The terms overfitting and underfitting tell us whether a model is successful in generalizing and learning new data from invisible data to the model.
Brief information on overfitting and underfishing
Clearly understand overfitting, underfitting, and perfectly fitting models.
From the three graphs shown above, it can be clearly understood that the line in the leftmost figure does not cover all data points, so we can say that the model is underfit. In this case, the model failed to generalize the model to the new dataset, which resulted in poor performance during testing. The under-fitted model can be easily seen as it gives very high errors on training and test data. This is because the data set is not clean and contains noise, the model has a high bias and the size of the training data is not sufficient.

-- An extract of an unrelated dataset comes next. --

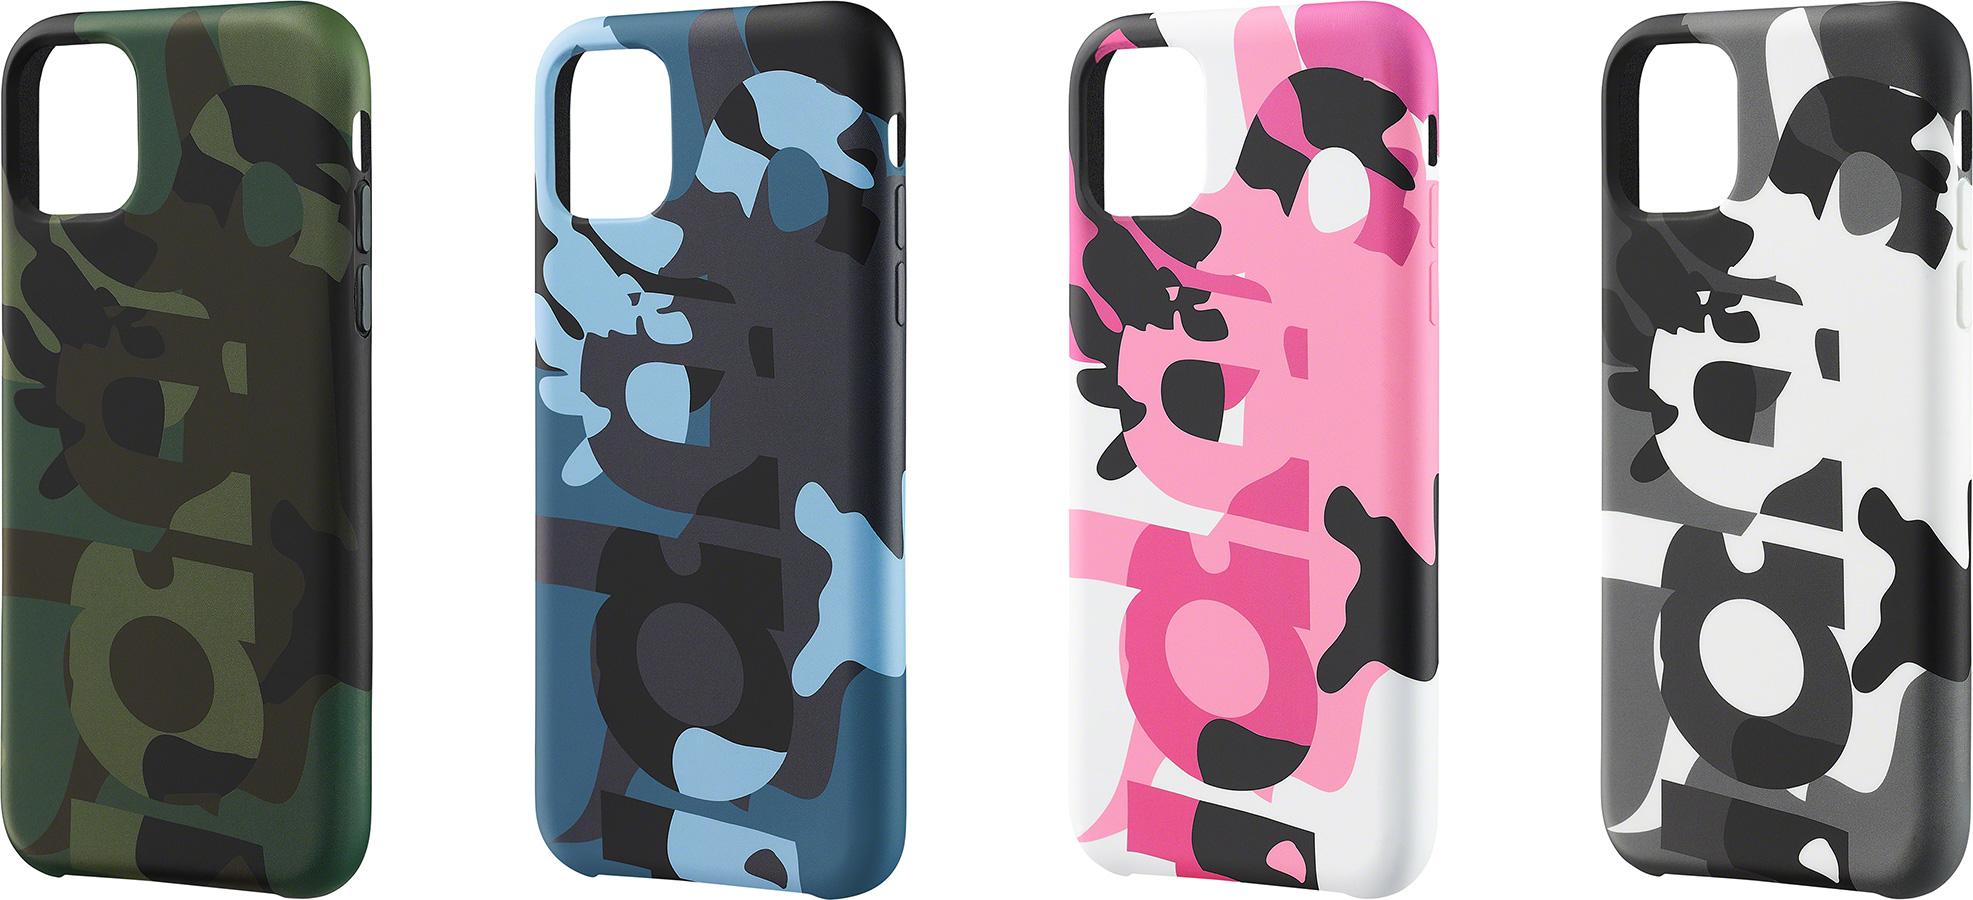 Supreme 2020fw Camo iPhone Case シュプリーム カモ アイフォン ケース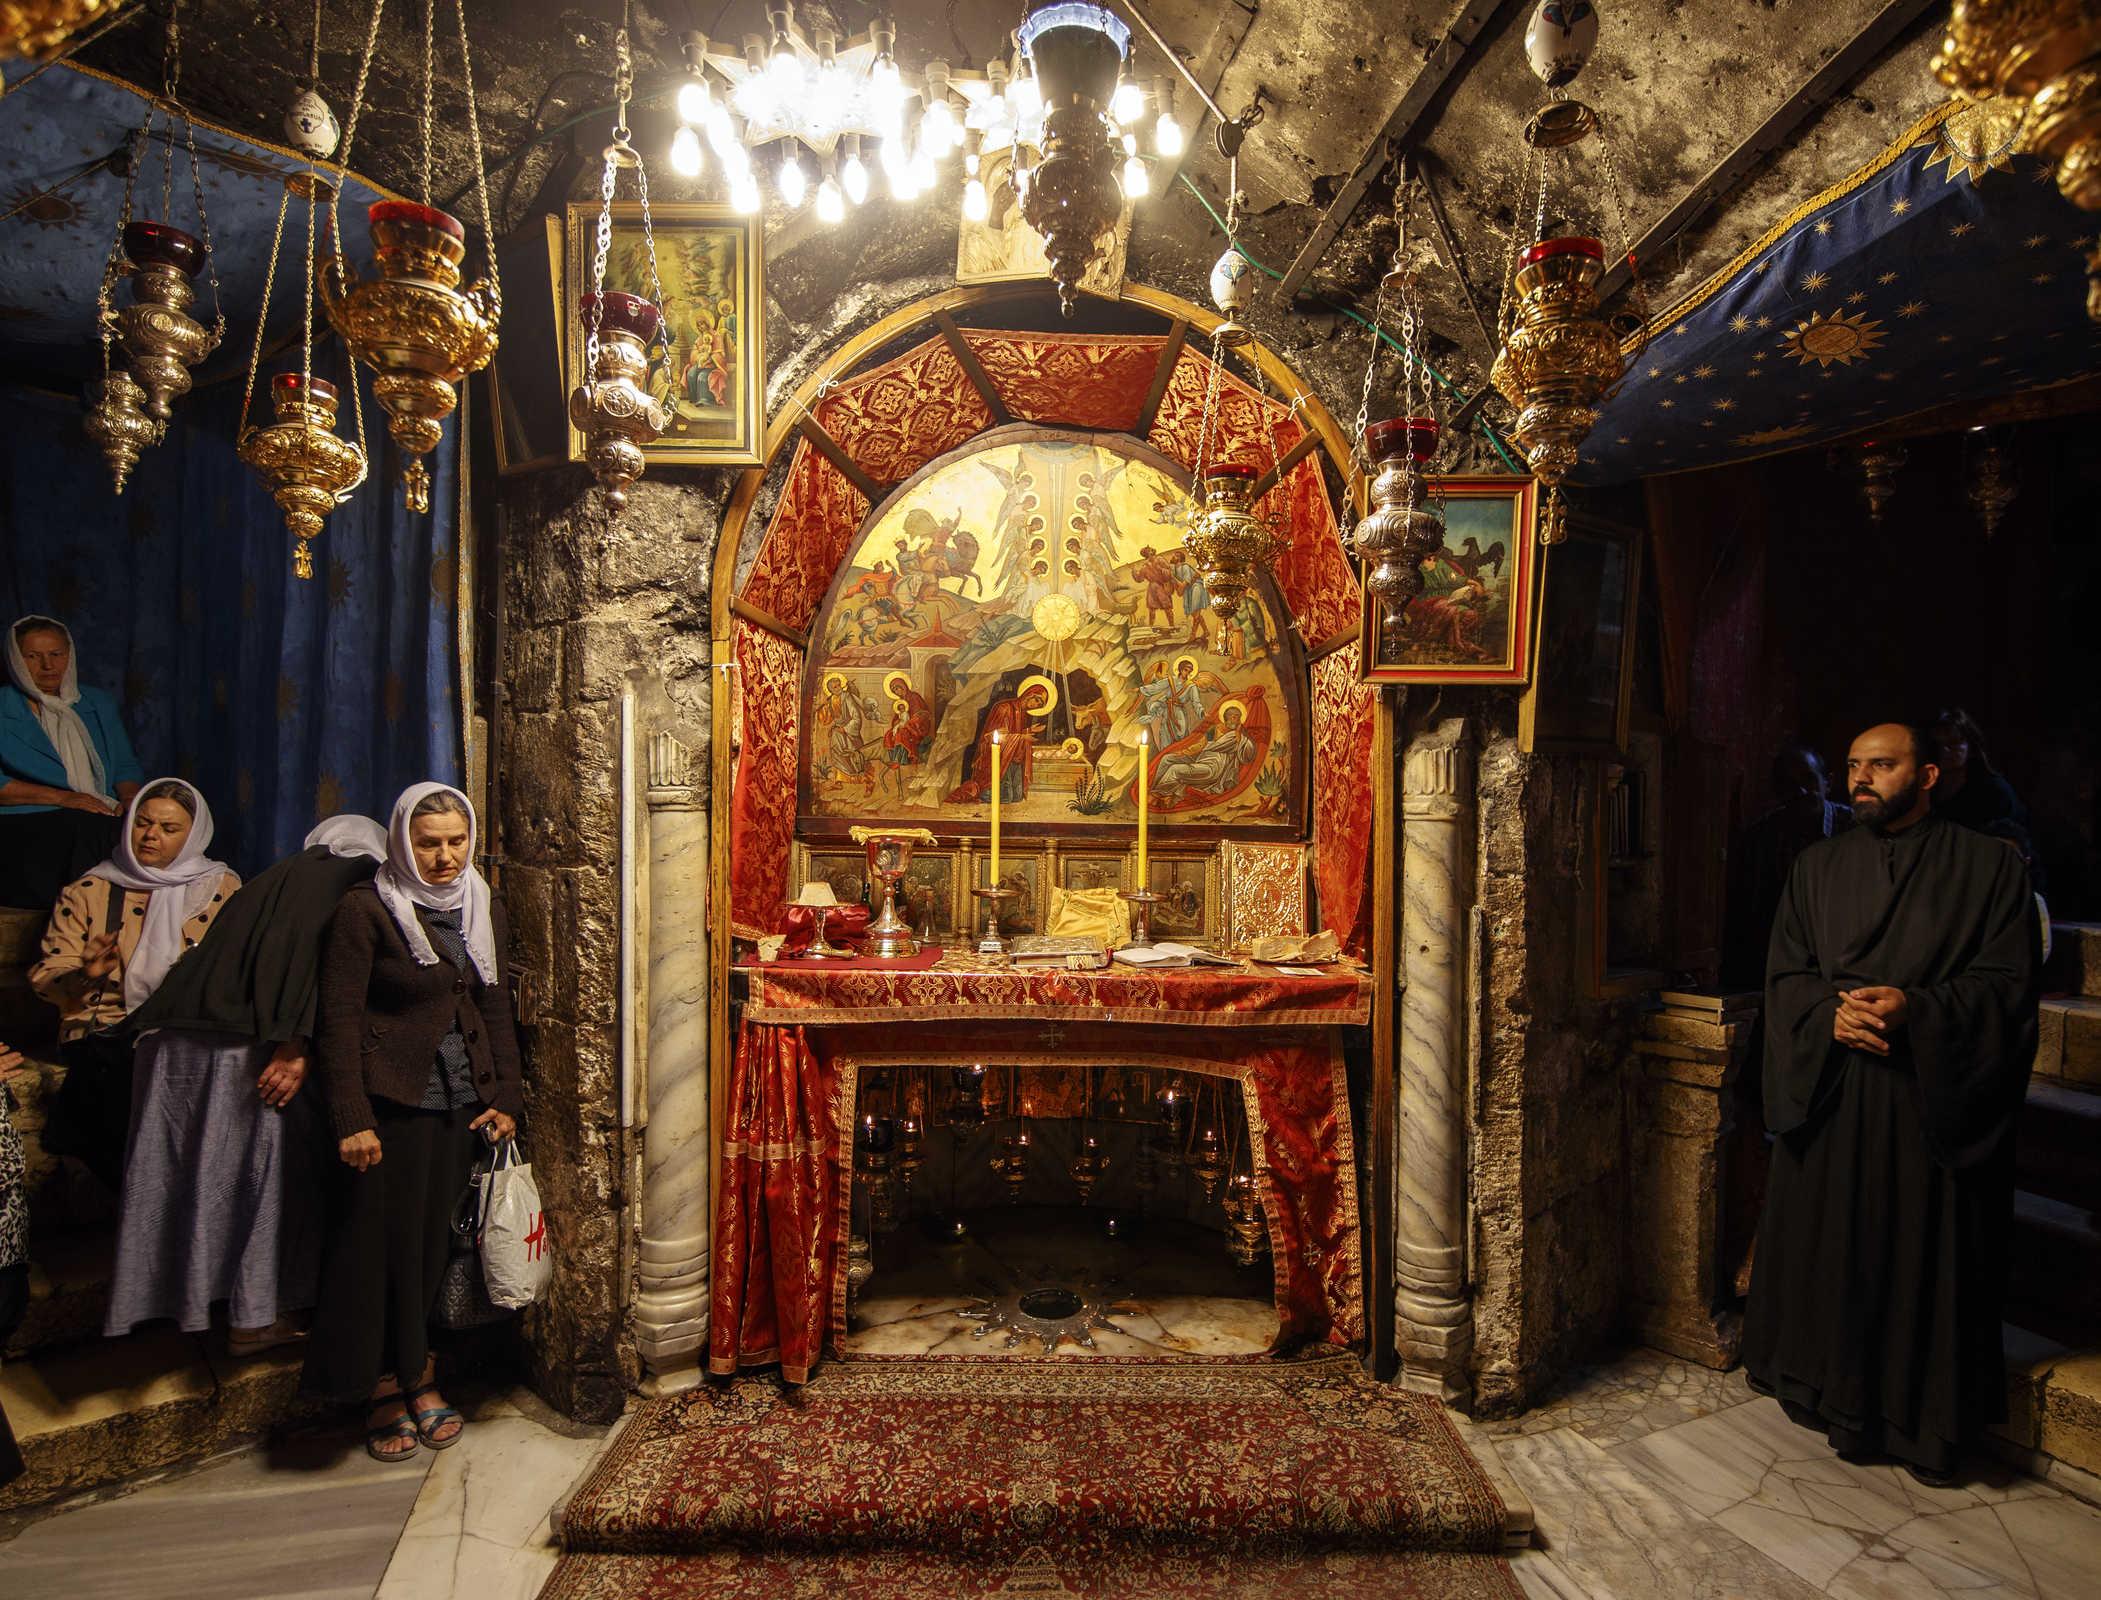 Un dar de Crăciun - Fotoreportaj de la Betleem

Regarding overfitting, as the right-most graph shows, it shows that the model is covering all data points correctly, and you might think it’s a perfect fit. But actually, no, it’s not a good fit! Since the model learns too much detail from the dataset, it also takes noise into account. Thus, this negatively affects the new data set; not all of the details that the model learned during training needs also apply to the new data points, resulting in poor performance on tests or the validation dataset. Indeed, the model was trained in a very complex way and has a high variance.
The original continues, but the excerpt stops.